▶ EXERCISE BRIEF
Your answer must be the full listing below, restated word for word, with no pictures in it.

▶ SOURCE DATA
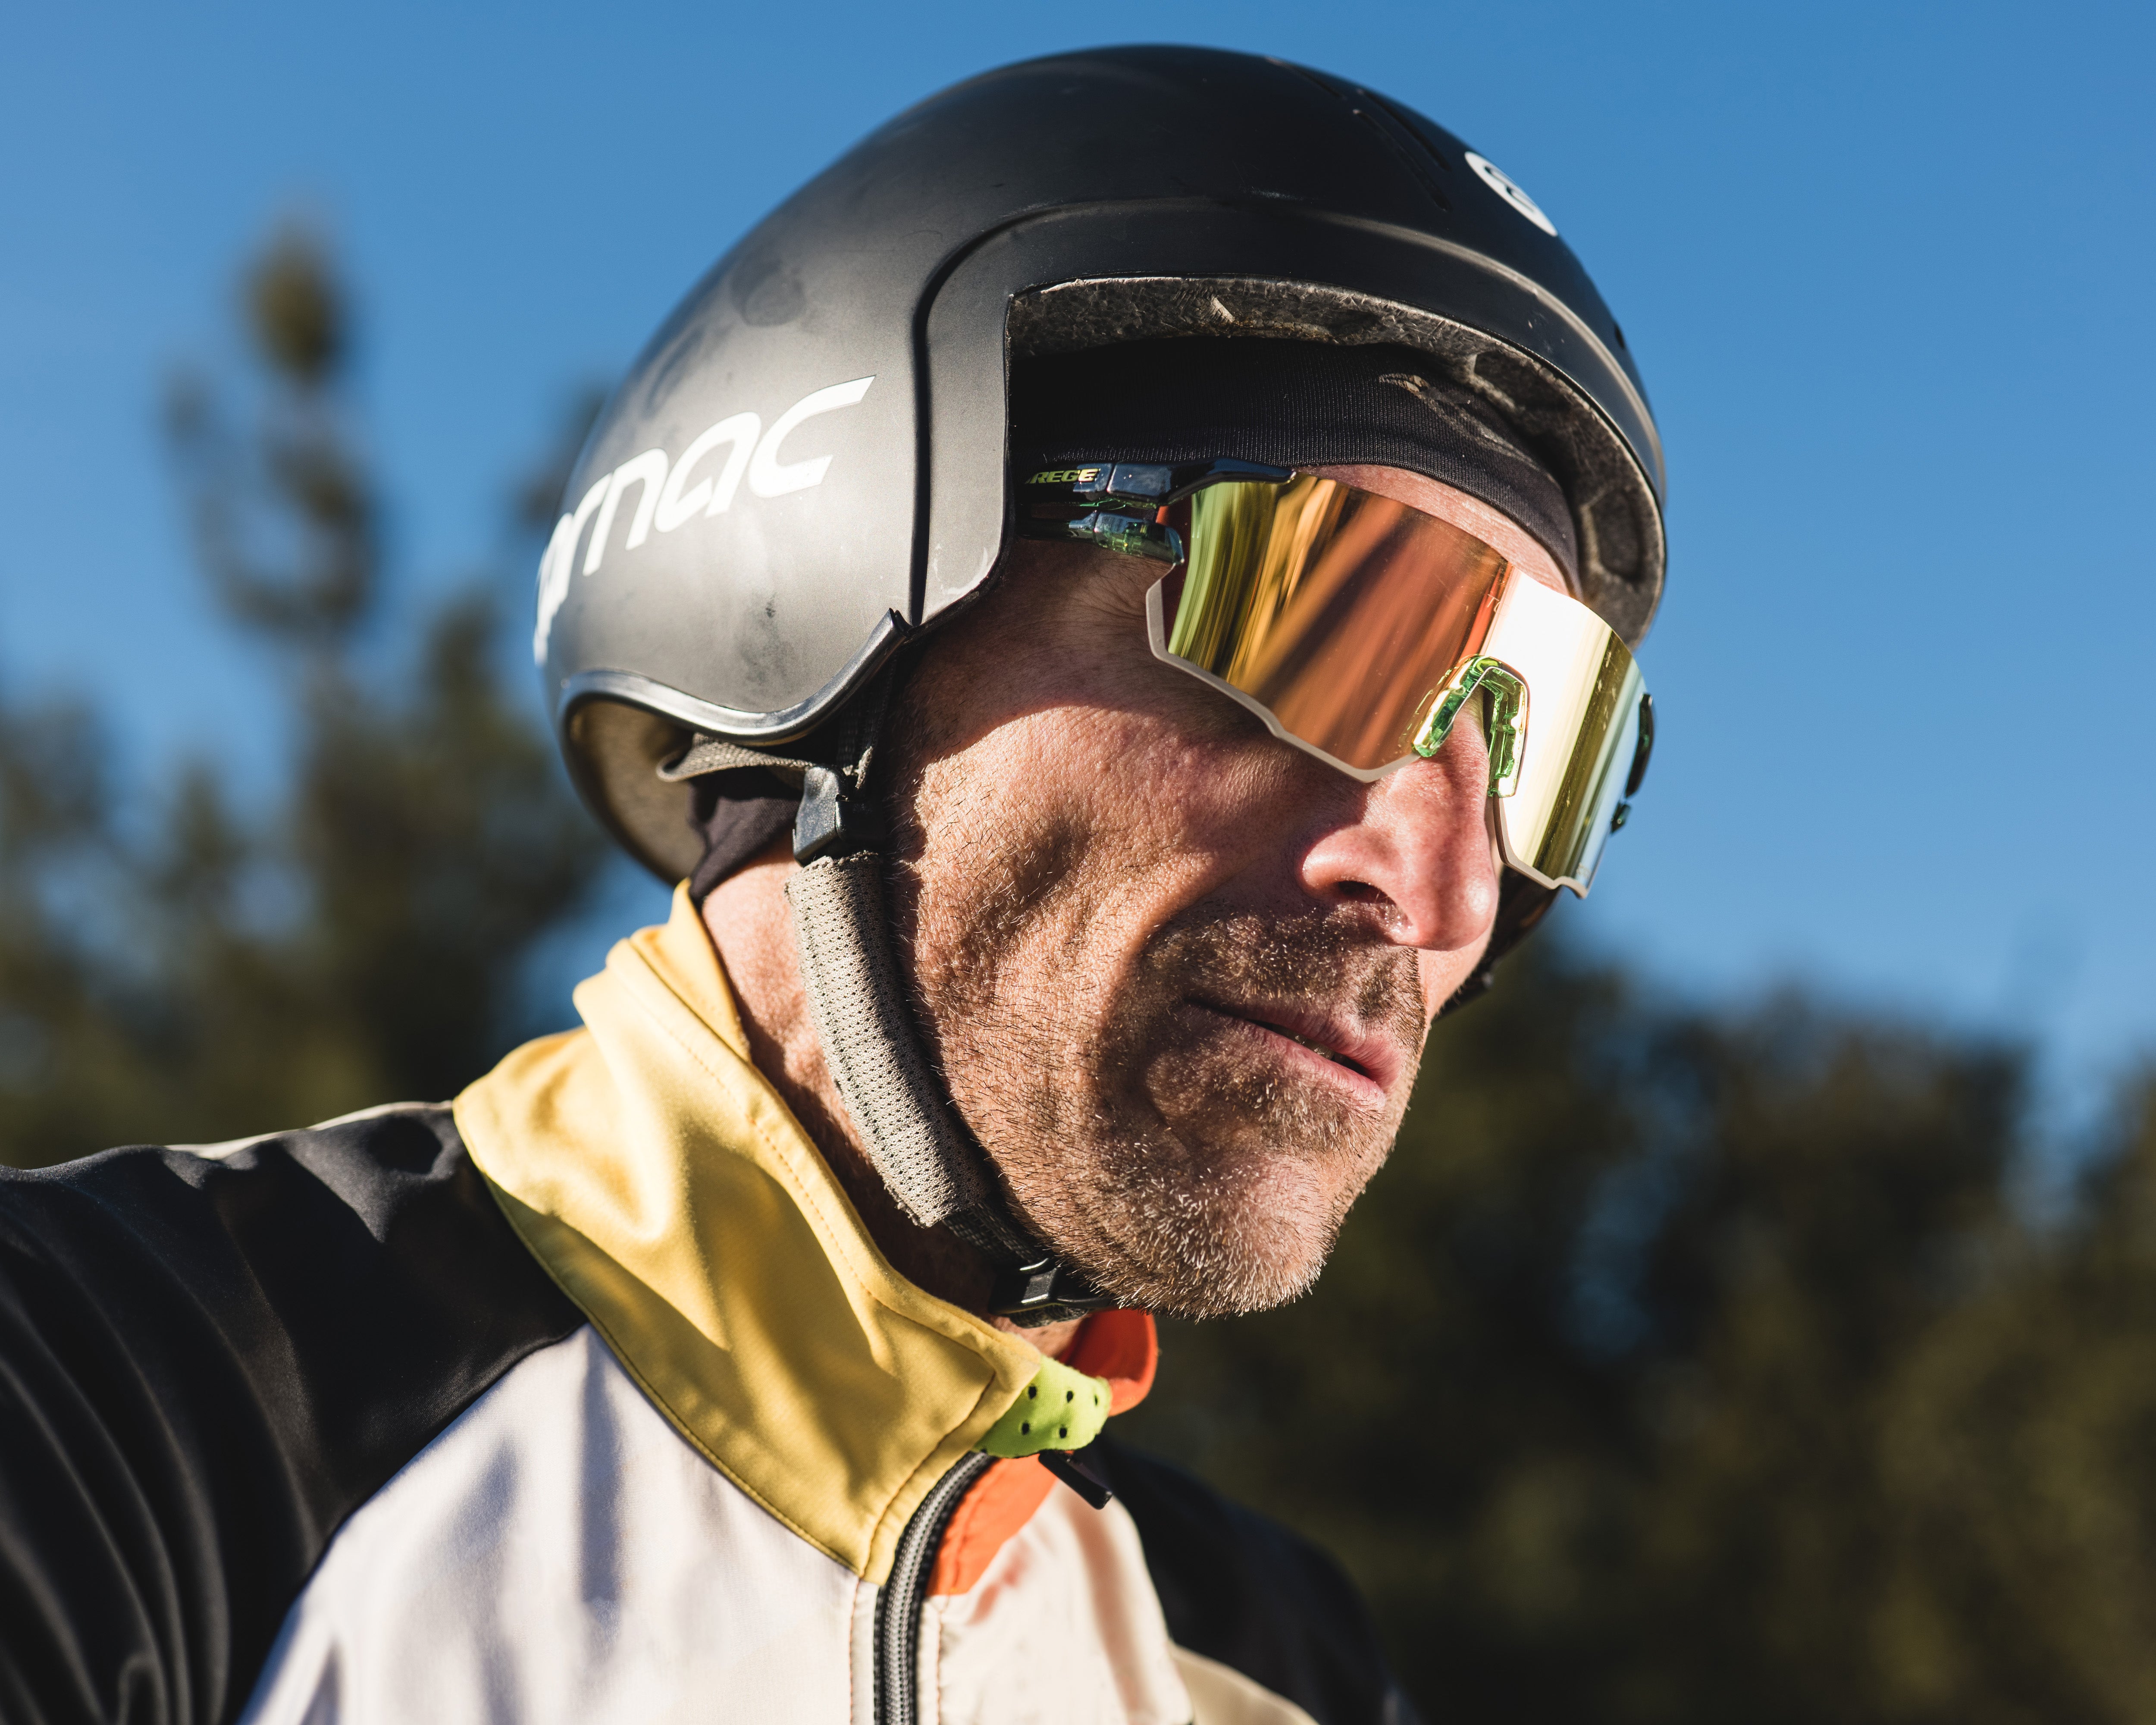 Guide to Choosing the Right Sports Sunglasses Lenses for Your Needs
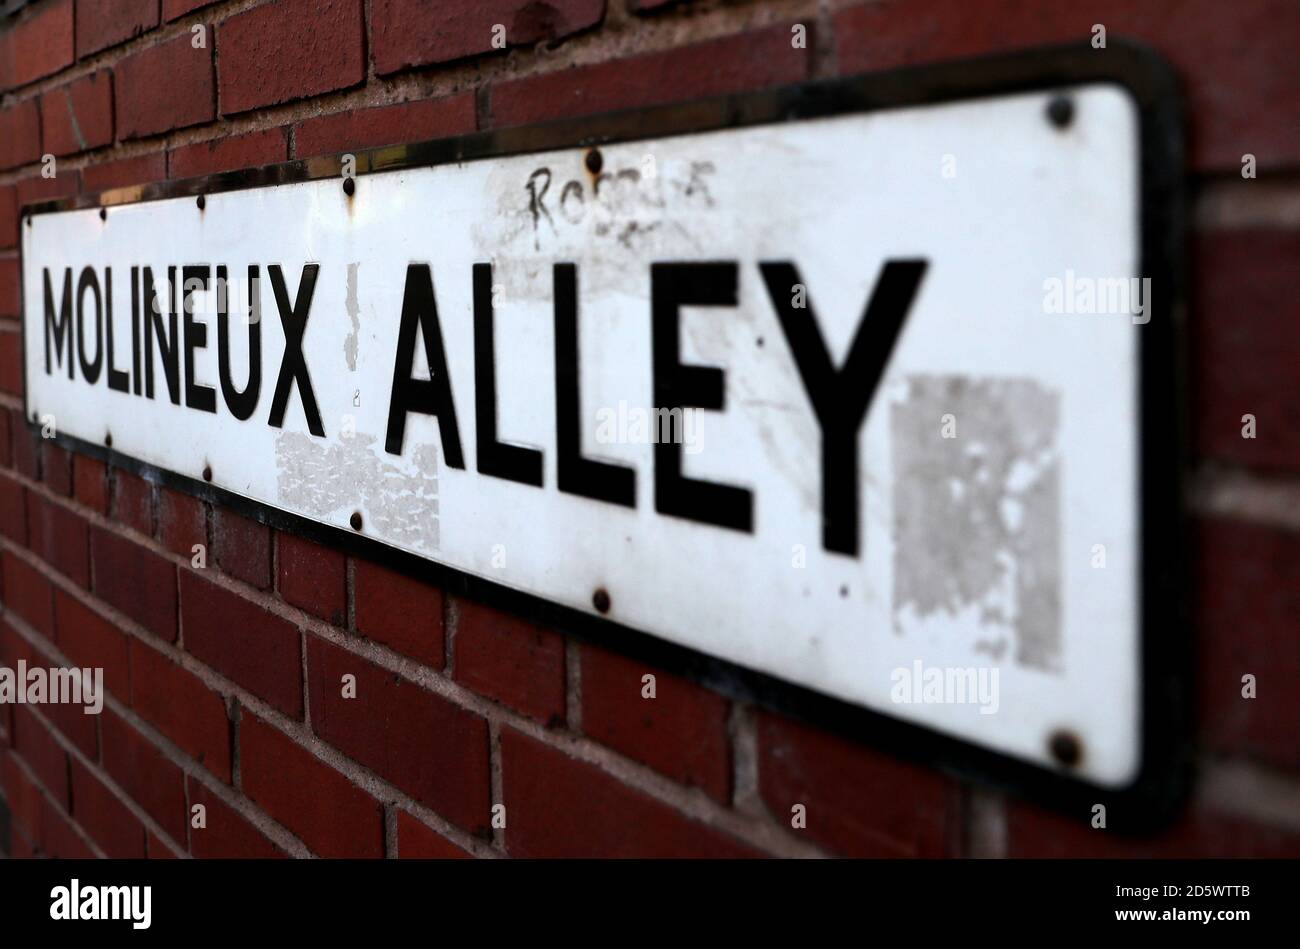 A general view of Molineux Alley road sign Stock Photo - Alamy
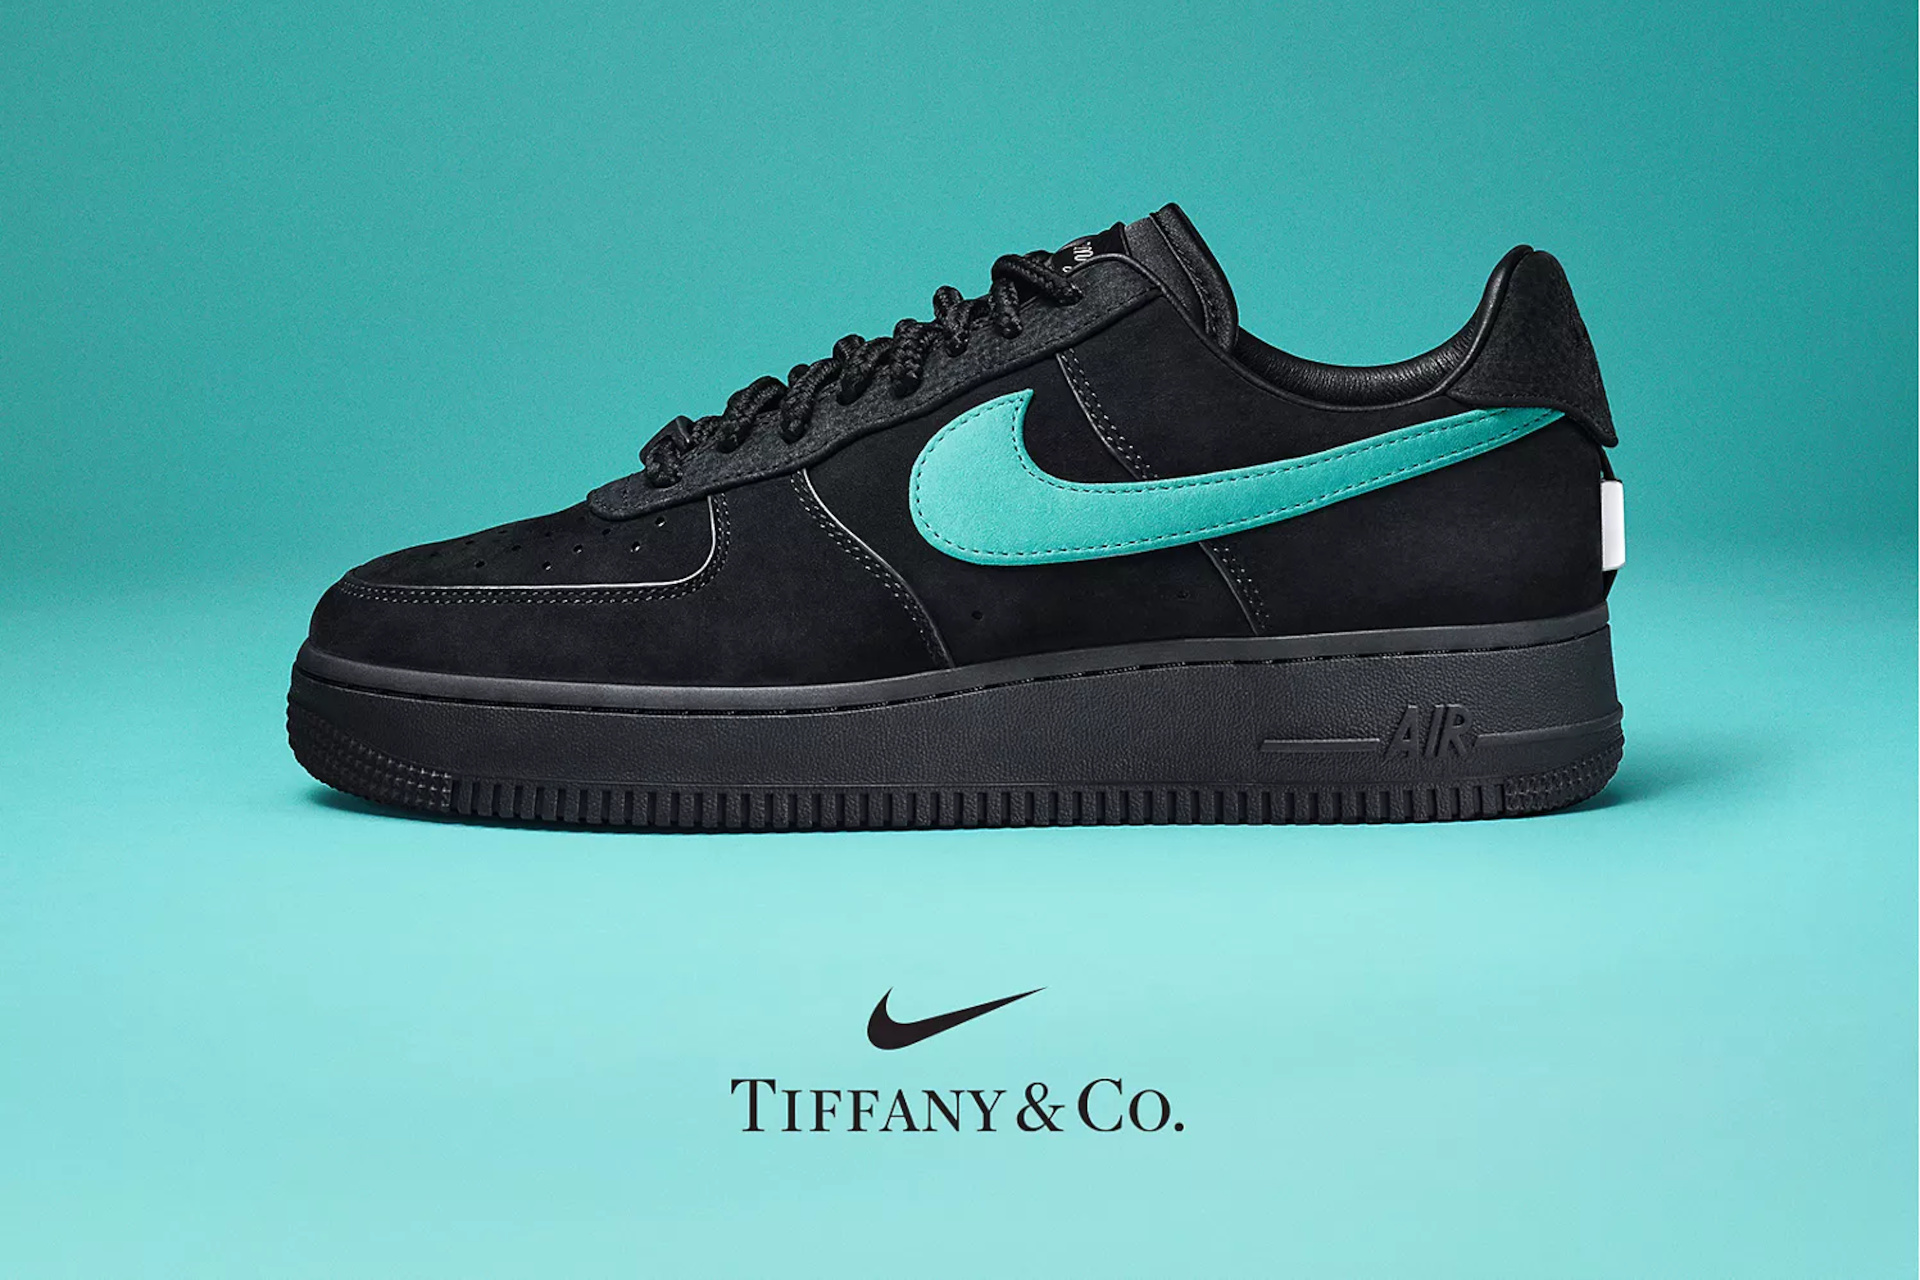 Tiffany & Co. And Nike Announce New Collaboration For 2023
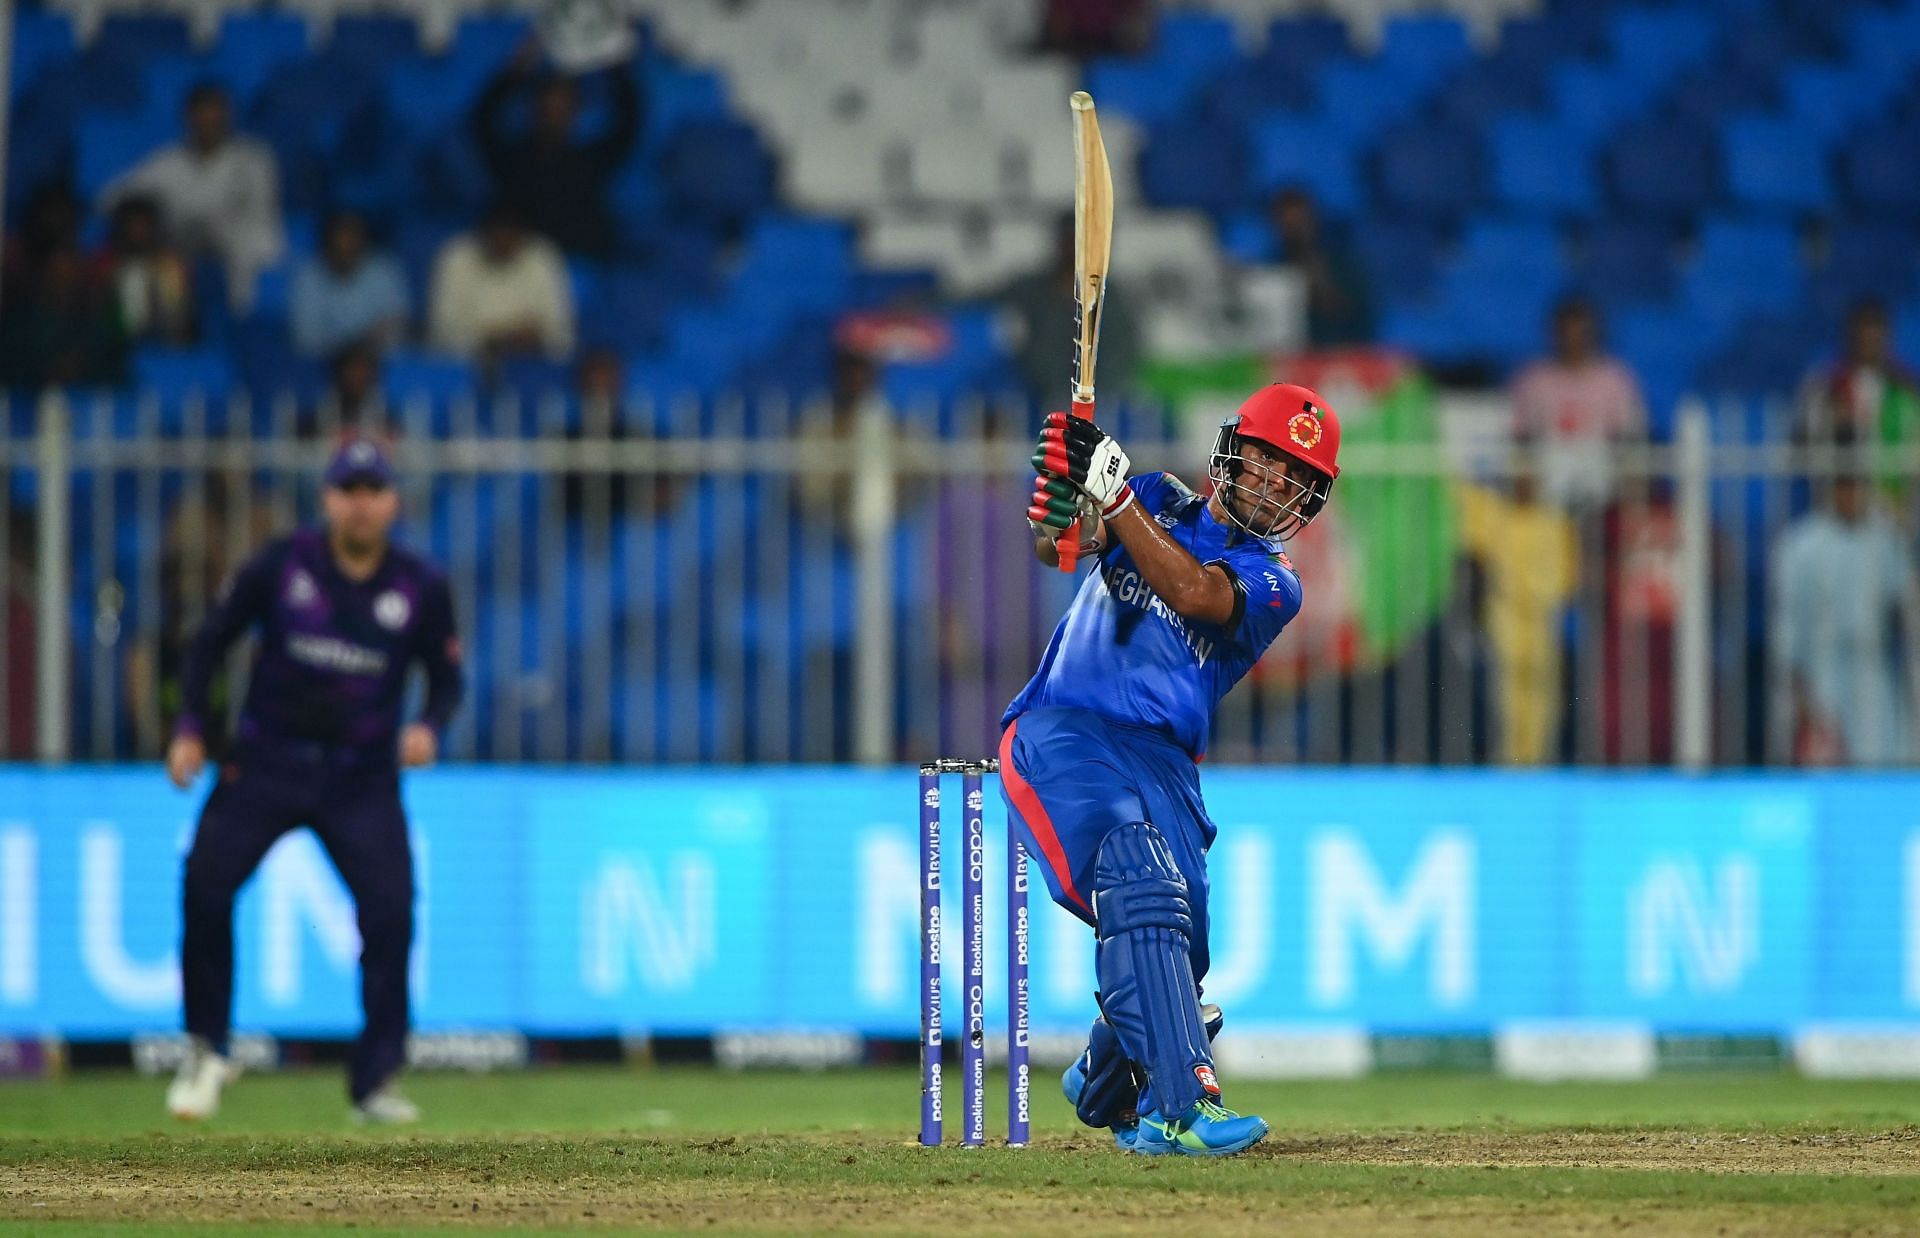 Najibullah Zadran is expected to play an important role for his side

▶ RESULT FOR THIS TASK
 Guide to Choosing the Right Sports Sunglasses Lenses for Your Needs
 A general view of Molineux Alley road sign Stock Photo - Alamy
 Tiffany & Co. And Nike Announce New Collaboration For 2023
 Najibullah Zadran is expected to play an important role for his side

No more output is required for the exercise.